The next steps will be to develop these new and improved macrolide antibiotics –, which Dr. Berghuis estimates will take another two to three years — and to then test them. But this is only one element needed to combat the growing prevalence of superbugs.

“Antibiotic resistance is a multi-faceted problem, and our research is one aspect that should be placed in the context of other components, such as curtailing the over-use of antibiotics,” notes Dr. Berghuis. “Only when a comprehensive multi-pronged strategy is used can we hope to successfully address this global health threat.”
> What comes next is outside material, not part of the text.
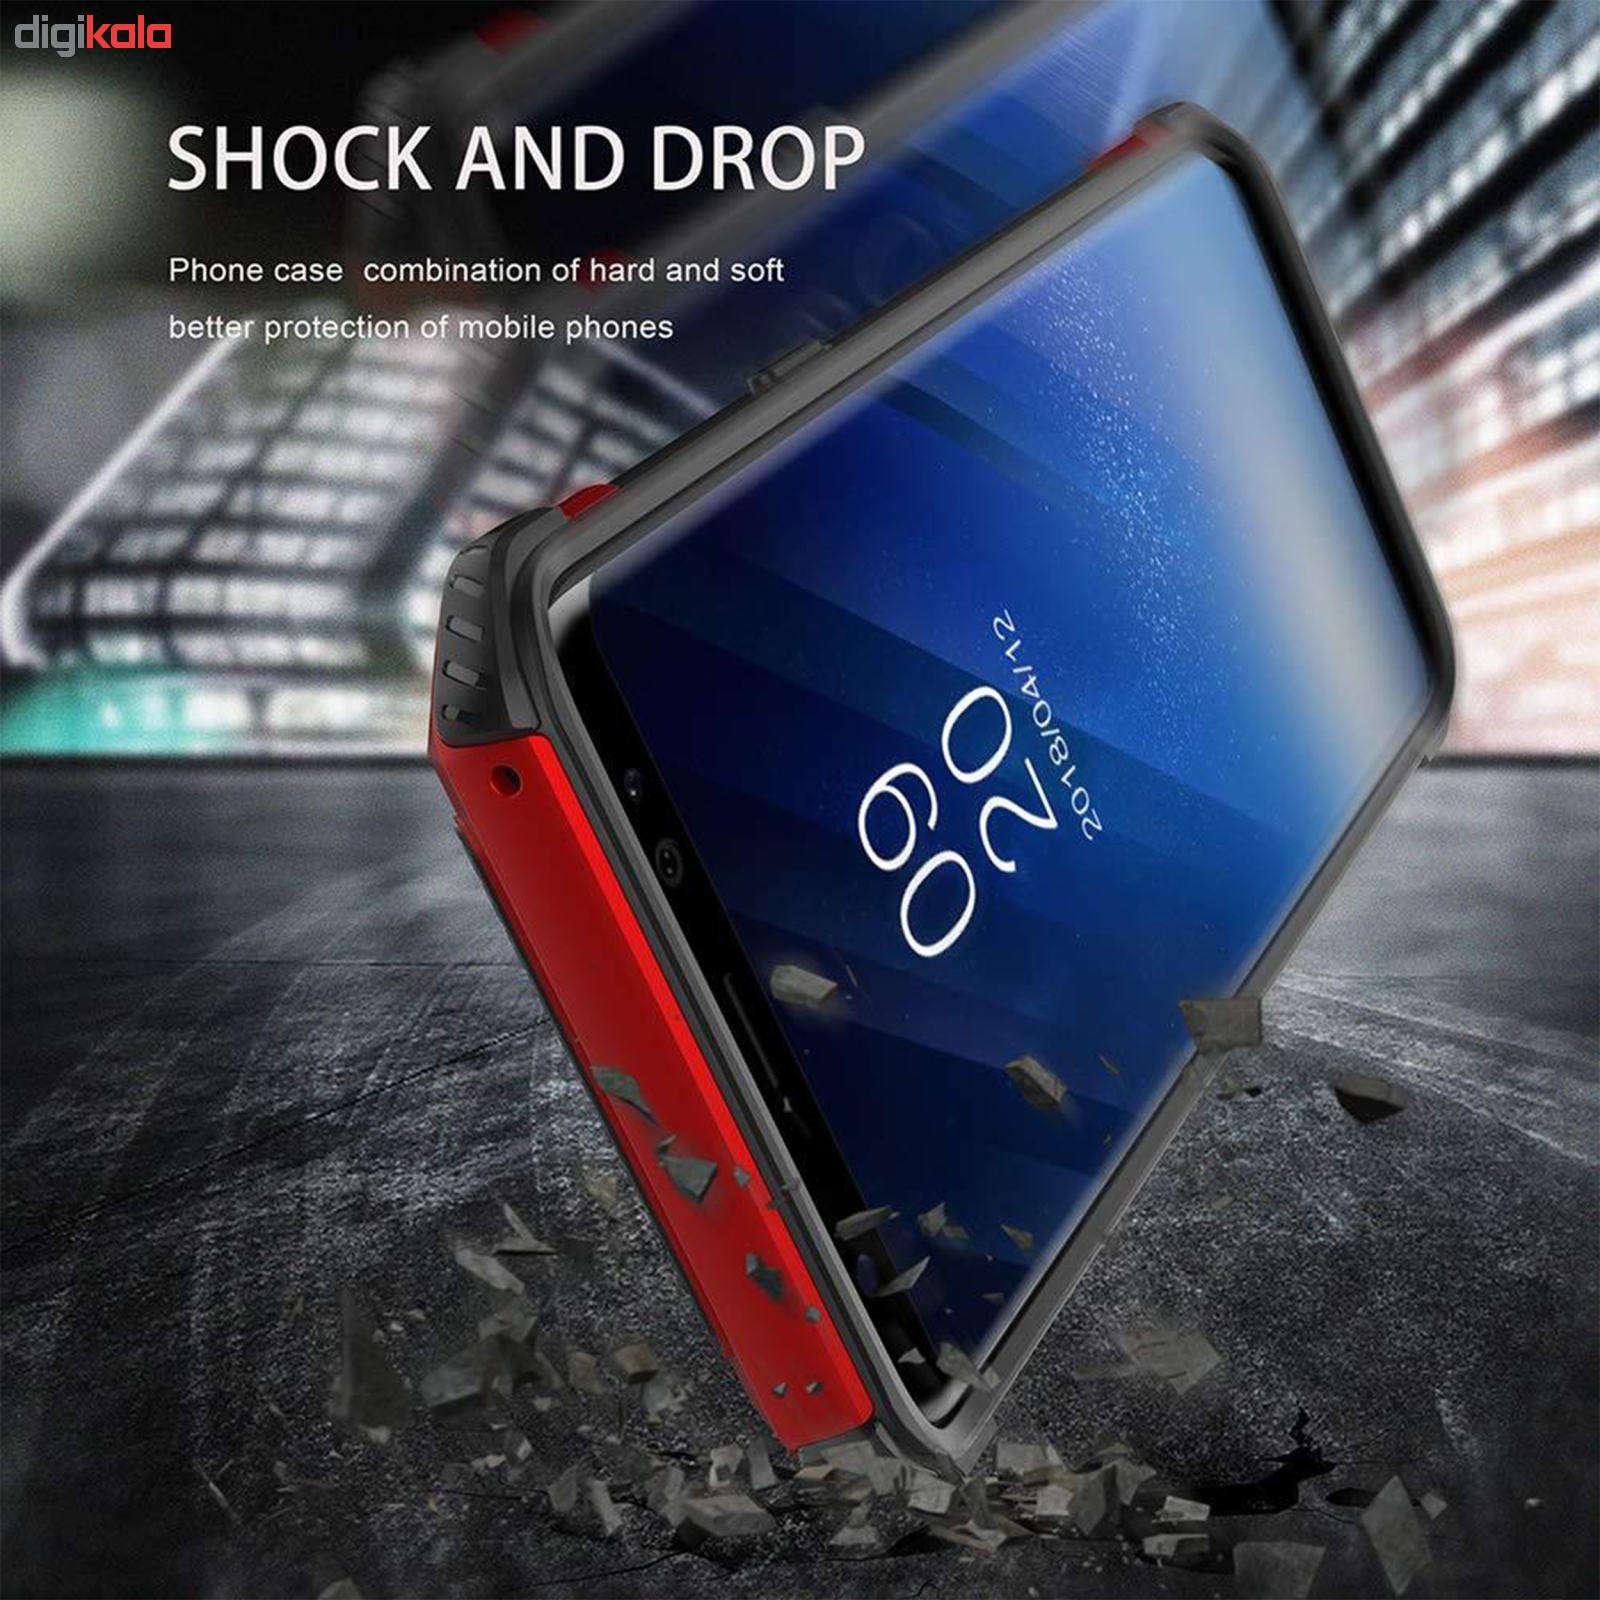 کاور کینگ پاور مدل W21 مناسب برای گوشی موبایل سامسونگ Galaxy S8 main 1 8

According to a U.K. report released in May and chaired by economist Jim O’Neill, antibiotic resistant bacteria could kill ten million people a year by 2050 if left unchecked, that’s roughly one every three seconds. The report also says if antibiotics continue to lose their sting, resistant infections will sap $100 trillion from the world economy over the next 33 years. Last year a 70-year old woman from Nevada died because she contracted an infection of a strain of Klebsiella pneumoniae that was resistant to 26 different antibiotics.

This research was funded by the Canadian Institutes of Health Research (CIHR) with assistance from the Canadian Macromolecular Crystallography Facility at the Canadian Light Source in Saskatoon.